Guardo Bonel, e mi accorgo che sta diventando sempre più pallido. Mi sa che fra poco sviene. Con un sospiro, mi chino, afferro Aida e la porto fuori da quell’inferno.
 

- La ragazza sembra essersi ristabilita. – è pomeriggio. Sono in ospedale, fuori dalla stanza dov’è ricoverata Aida, in attesa che arrivino i suoi genitori. Sembrano passati secoli da quando ho fatto visita a quell’hotel, e invece sono passate poche ore. Il dottor Brandi sta davanti a me, tiene in mano una cartellina. Ma un tempo eravamo vecchi amici, prima che lui intraprendesse la carriera di medico e mi rendo conto che non è tutto lì, quello che vuole dirmi.
- Davvero? - rispondo, aspettando che vada avanti. A dire la verità sono piuttosto sorpreso, sapendo quel poco che il medico legale è riuscito a dirmi sulla strage.
- Già… - borbotta, sempre più incerto.
- Franco, qual è il problema? – chiedo, chiamandolo per nome per fargli capire che parlo sul serio.
- Senti, il medico legale ti ha parlato di quello che è successo?
- Chi, Zorzi? Sì, me ne ha parlato. Non era un referto ufficiale, ma qualcosa mi ha detto. La strage è stata fatta da un animale. Non si capisce che animale, ma si sa per certo che ha una forza straordinaria. A quanto pare, la ragazza è stata molto fortunata a sopravvivere.

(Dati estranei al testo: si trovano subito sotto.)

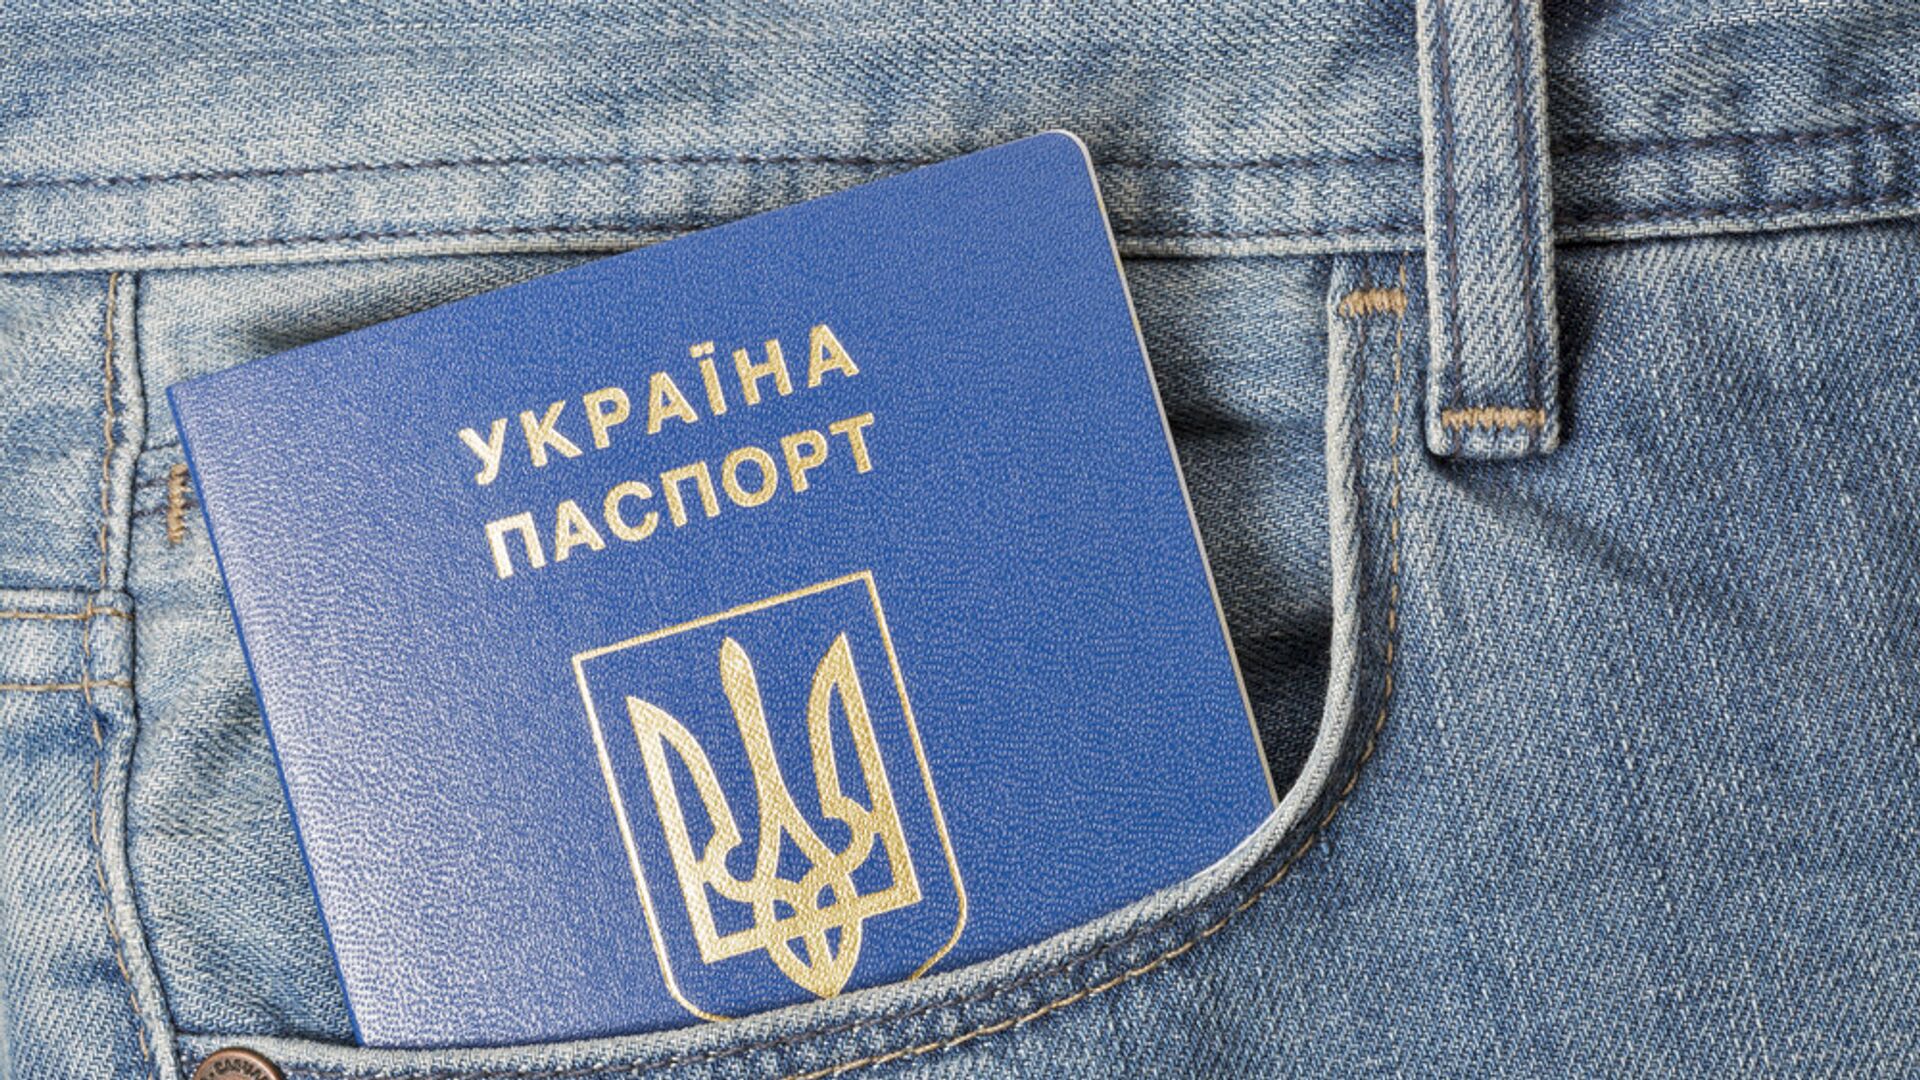 Украинский паспорт в кармане джинсов, архивное фото - Sputnik Lietuva, 1920, 01.03.2021

- Già… ma non solo a sopravvivere. Aveva due segni di aggressione. Una cicatrice sul polso vecchia di mesi, ormai non si vede quasi più. Lei ha risposto che l’aveva morsicata un cane, lo scorso inverno.
- E direi che non ha nulla a che fare con la strage, no? – sbotto, prendendomi un fiero colpo quando vedo l’espressione dubbiosa del dottore. – e l’altro segno?
- I vestiti sbrindellati…
- Coraggio, fuori il rospo. Tu non me la racconti giusta! Cosa c’è che non ti convince?
- Un’infermiera mi ha fatto notare che certi strappi sui vestiti non sono stati provocati da un’artigliata. È come se si fossero strappati per la troppa pressione, ecco. Come se la ragazza fosse cresciuta di colpo.
- Ha un bell’occhio, quell’infermiera!
- Sì, ed è anche molto superstiziosa. Fidati, se ti dico che l’avrei mandata a quel paese, non fosse stato che, in effetti, la ragazza non presenta ferite di alcun genere. Ma proprio nessuna, accidenti! Neanche una stramaledetta ecchimosi! Non lo so, questo mi dà i brividi!
- Stai dicendo che la ragazza potrebbe essere la diretta responsabile di quella strage? Magari si è trasformata in un lupo mannaro? – lo incalzo con un ghigno che, me ne rendo pienamente conto, è finto come una moneta da 3 euro. Perché, e questo mi fa rabbrividire all’ennesima potenza, usando tutta la razionalità di cui sono capace, mi rendo conto che questa teoria non fa così tanta acqua. Anzi, è la teoria più sensata che sono riuscito a prendere in considerazione!
- Risparmiami il tuo sarcasmo, Luigi! So perfettamente quanto assurda sia la teoria che ti ho propinato, ma non riesco a trovare altre spiegazioni. Tanto più che la ragazza sembra maledettamente tranquilla, cazzo!
- Ma che stai dicendo? L’ho trovata in stato di shock, stamattina!
- Non so cosa dirti, al riguardo. So solo che ora è allegra come non mai. Non è normale!
- Franco, non potrebbe essere in negazione?
- Secondo te è negazione? Non credo, mi sembra strano che quella fase sia arrivata solo dopo poche ore. Oltretutto, quando le ho chiesto qualcosa relativamente ai suoi colleghi, ha risposto qualcosa tipo “sono morti. Peccato!”. E per di più con un’alzata di spalle e un mezzo sorriso! Dimmi quello che vuoi, ma una in atteggiamento di negazione non si comporta così.
- Ok, ok. Ho afferrato il concetto. – mugugno. In quel momento, arriva una donna, tutta trafelata. È chiaramente la madre di Aida.
- Mia figlia! Mia figlia sta bene? – la sua voce è stridula dall’ansia.
- Certo, signora, non si preoccupi! – rispondo, sapendo bene che è una risposta stupida da dare a una madre la cui figlia è sopravvissuta a una strage. Brandi le fa cenno di entrare a vedere la figlia.
Butto l’occhio nella stanza, e noto, con un brivido, lo sguardo delle ragazza. Sta sorridendo. Un sorriso malvagio.